Description of the task. Retype the listing exactly. Leave out the images.

[Opening Provided data section]

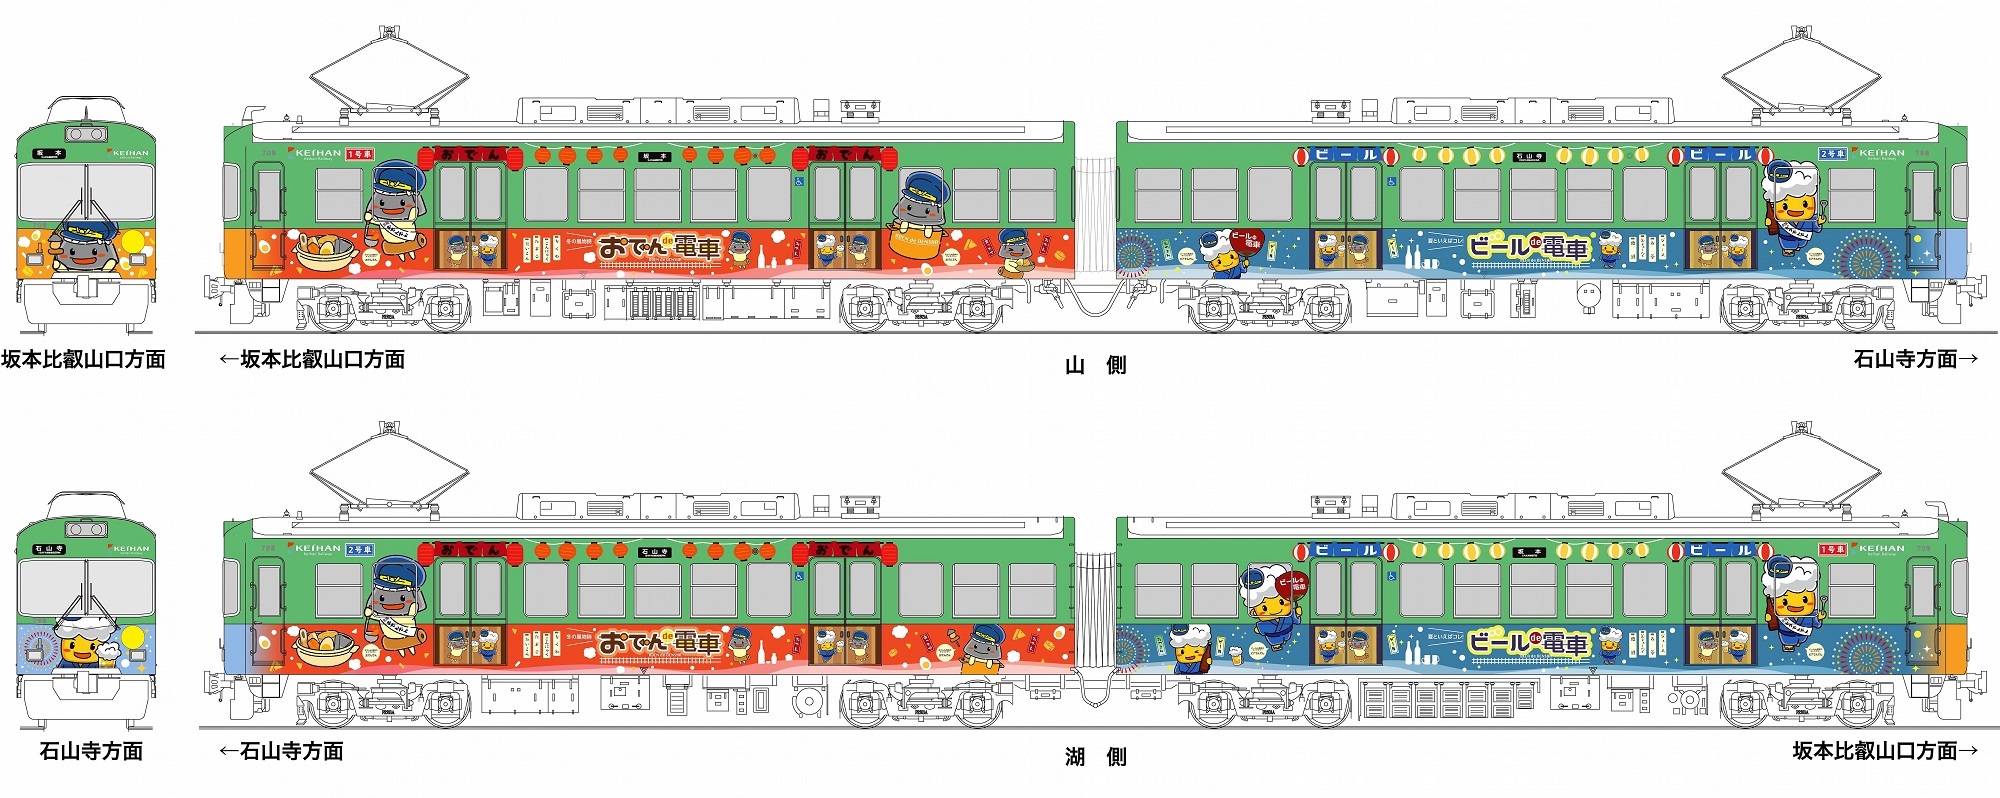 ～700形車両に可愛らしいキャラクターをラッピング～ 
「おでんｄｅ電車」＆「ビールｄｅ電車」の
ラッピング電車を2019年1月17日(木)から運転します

[Closing Provided data section]

Result of the task.
 ～700形車両に可愛らしいキャラクターをラッピング～ 
「おでんｄｅ電車」＆「ビールｄｅ電車」の
ラッピング電車を2019年1月17日(木)から運転します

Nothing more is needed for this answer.